New types of roles require new types of qualifications.


Johannesburg, 01 Feb 2019
Read time 3min 00sec
Lizelle van Niekerk, national sales manager: part-time and short courses, CTU Training Solutions.
Lizelle van Niekerk, national sales manager: part-time and short courses, CTU Training Solutions.

The world around us is changing and people have to learn new skills in new ways. Educational institutions have to adapt the way in which they deliver qualifications, as well as the content of those qualifications, to keep pace with the changes.

There is a balance required between businesses having access to employees with the skills that are in demand today, and individuals knowing which certifications will render them employable. People are no longer hired to fit job titles; they are hired for the skills they bring to the business. However, there is a generally acknowledged skills gap and employers and individuals alike need to find a way to fill that.

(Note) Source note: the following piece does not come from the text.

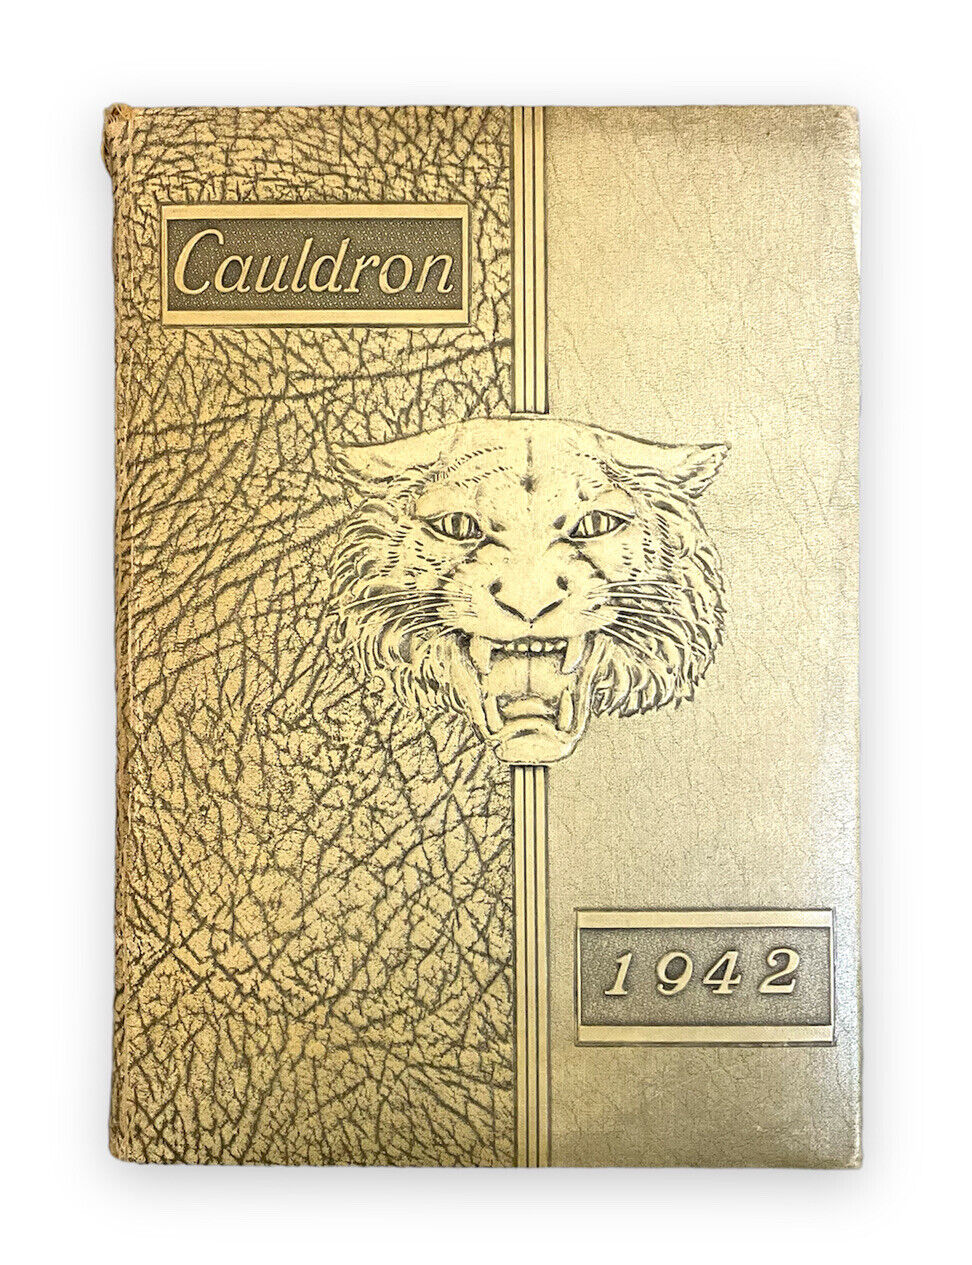 Middletown High School Yearbook 1942 Cauldron Middletown Connecticut Tiger Extra

"The solution," says Lizelle van Niekerk, national sales manager for part-time and short courses at CTU Training Solutions, "lies in short courses. The new types of roles that the modern workplace is creating requires certification in specific skills, and the skills required of any one role will evolve over time. There's also an increasing urgency around acquiring new skills, which means that employees need to be upskilled quickly and efficiently and without too much disruption to the business."

The implication of the above seems to be that ongoing certification in current skills is receiving more focus than accumulated years of workplace experience, says Van Niekerk. In fact, LinkedIn shortlisted the most in-demand skills for 2019 as a combination of hard and soft skills. "It's important for individuals to realise that companies value the ability to work well in a team or manage your time efficiently as highly as they do certifications in hard technical skills," she says.

As a result, more of the bigger vendors are incorporating soft skills training into their hard technical skills certifications, while some of the training providers are giving their students complementary access to soft skills courses that will help them achieve their career goals.

"Subjects such as professionalism and communication are being bundled together with harder technical subjects to help people navigate the workplace in addition to being able to perform certain tasks."

Using e-learning to deliver short courses enables businesses to upskill their workforce, while it also enables employees to upskill themselves while earning a living.

Van Niekerk says: "It's necessary for educational institutions to design certification programmes that not only focus on the technology side of qualifications, but also the softer skills such as communications, which are, for example, essential for IT technicians who sometimes have to be customer-facing.

"The focus for employers and employees alike in 2019 is very much going to be short, job-focused certifications that will equip them with the hard and soft skills that they'll need in an age of ongoing digital transformation," she says.

Is there irony in the fact that, as companies become increasingly technology-driven, they are requiring their employees to have certifications in 'human' skills? "Not at all," replies Van Niekerk. "Initially there was a drive to automate everything; now there's a growing recognition that machines can't replicate all human tasks. Therefore, we need to empower people with better soft skills, and short course certifications are one way for an employee to show that he or she has the necessary capabilities for the job role at hand."